Hackett blames THA bureaucracy for late school repairs

THA Education Secretary Zorisha Hackett. Photo courtesy THA
THA Education Secretary Zorisha Hackett. Photo courtesy THA

BUREAUCRACY is to blame for the breakdown in the school repair programme, says THA Secretary of Education, Research and Technology Zorisha Hackett.

Hackett spoke during Wednesday’s Tobago Updates morning programme.

She said one of her goals as secretary was to ensure that on the first day of each school term, all staff and students return to their classes in a safe environment – “one that is visibly pleasing, one that promotes learning, one where you feel comfortable, and you feel engaged enough to want to produce.”

Hackett said this has been her driving force since becoming secretary of the division.

Two schools in Tobago – Scarborough Secondary and Speyside Secondary – did not open on Monday owing to a need for repairs. Speyside reopened on Tuesday but the former is expected to reopen on September 12.

Hackett said there is a mould issue to be addressed at St Andrew's Anglican Primary School and a lighting problem at Parlatuvier Anglican Primary School.

Last week, Hackett said repairs at schools had been classified as high, medium and low priority.
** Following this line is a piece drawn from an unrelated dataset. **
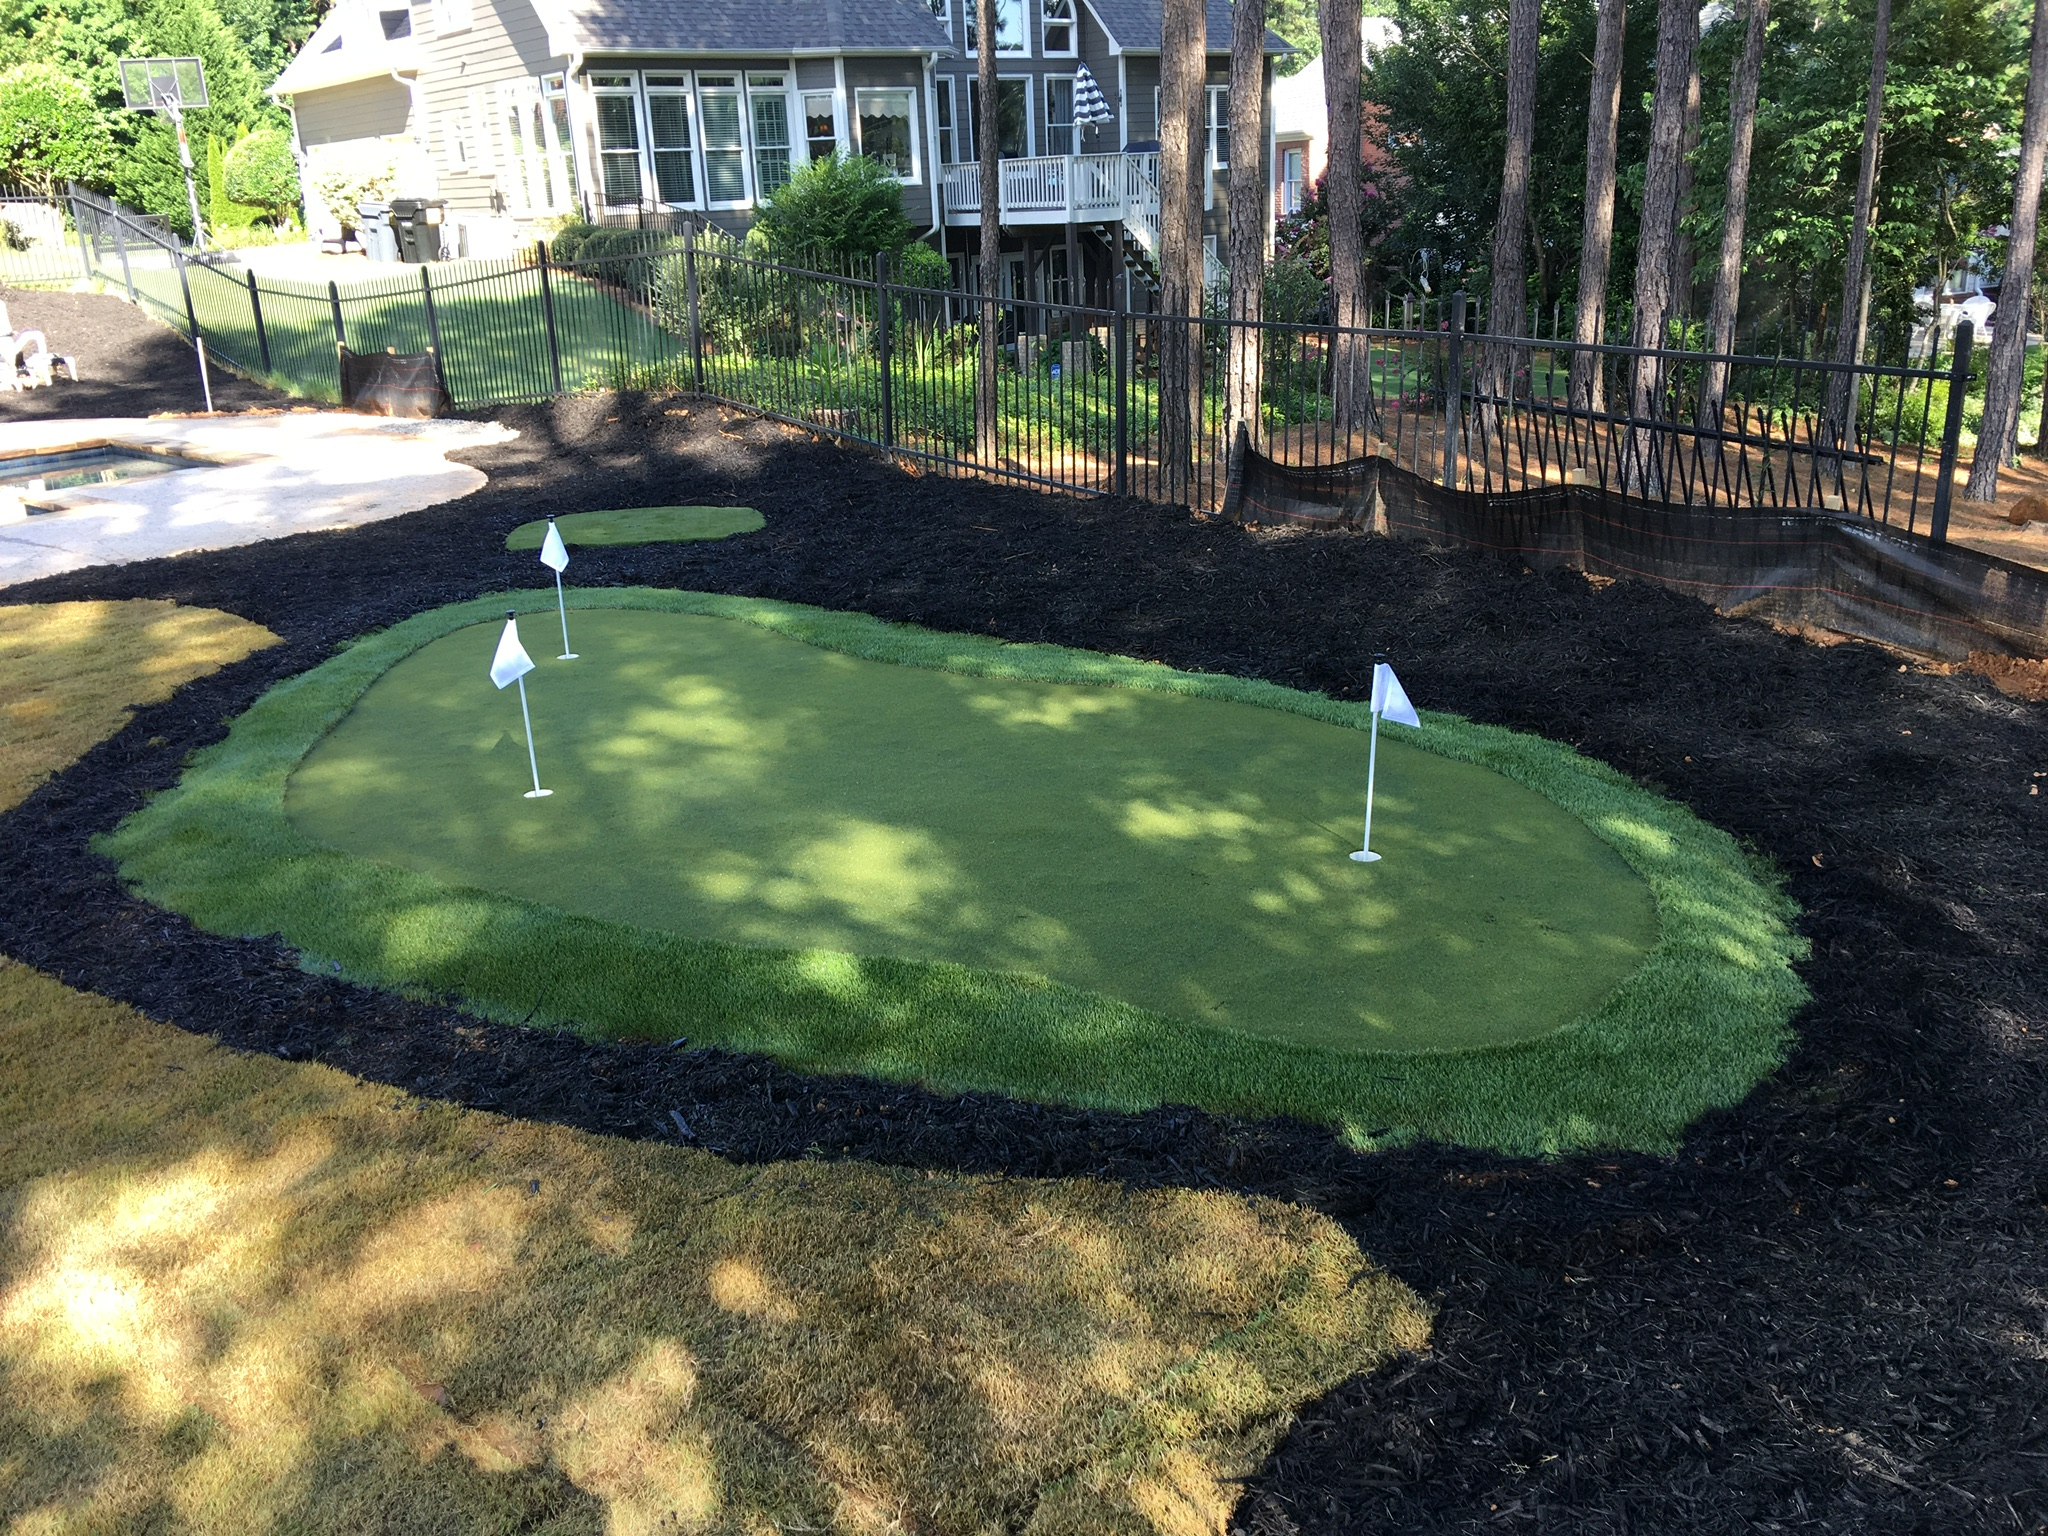 residential putting green backyard Indiana

Only high-priority repairs would affect the reopening of schools.

Hackett said on Wednesday that Executive Council minutes before July 8 addressed the need for school repairs.

“We had a clear plan, clear deadlines, and the breakdown just came with that bureaucratic process of pushing the paperwork up and out. Therefore, we had systems where staff would pass information on to administrator. This information would have to be signed off on, secretary of course is informed of the process, and then it goes back down and out.”

She said when she noticed the challenges, she wrote to the Chief Secretary, who then wrote to the Chief Administrator, who wrote to the division’s administrator. She said this continued until the first week of August, when the Executive Council met and approved a minute for emergency repair work, which was done by sole select tendering.

She said she is mindful that more challenges will be highlighted in the first and second week of school, but “responding to the challenge is what is going to make the difference.”

She added, “The face of the division is its secretary, and so the secretary has to stand up and take on that leadership role in the way she can. I am going to be me. If persons have a difficulty, a challenge issue, they will have to grow used to it or used to me – I am not going to change who I am.”

She said one way for her "to definitely shut the noise down, just as I did on 25th of January and on the 6th of December (the past two THA elections) is to deliver.

"When I start to deliver, I hope these same critics can be objective enough and true to themselves and say, 'Look, she is delivering.'

"But you don’t hear them when the deliveries are had, you don’t.”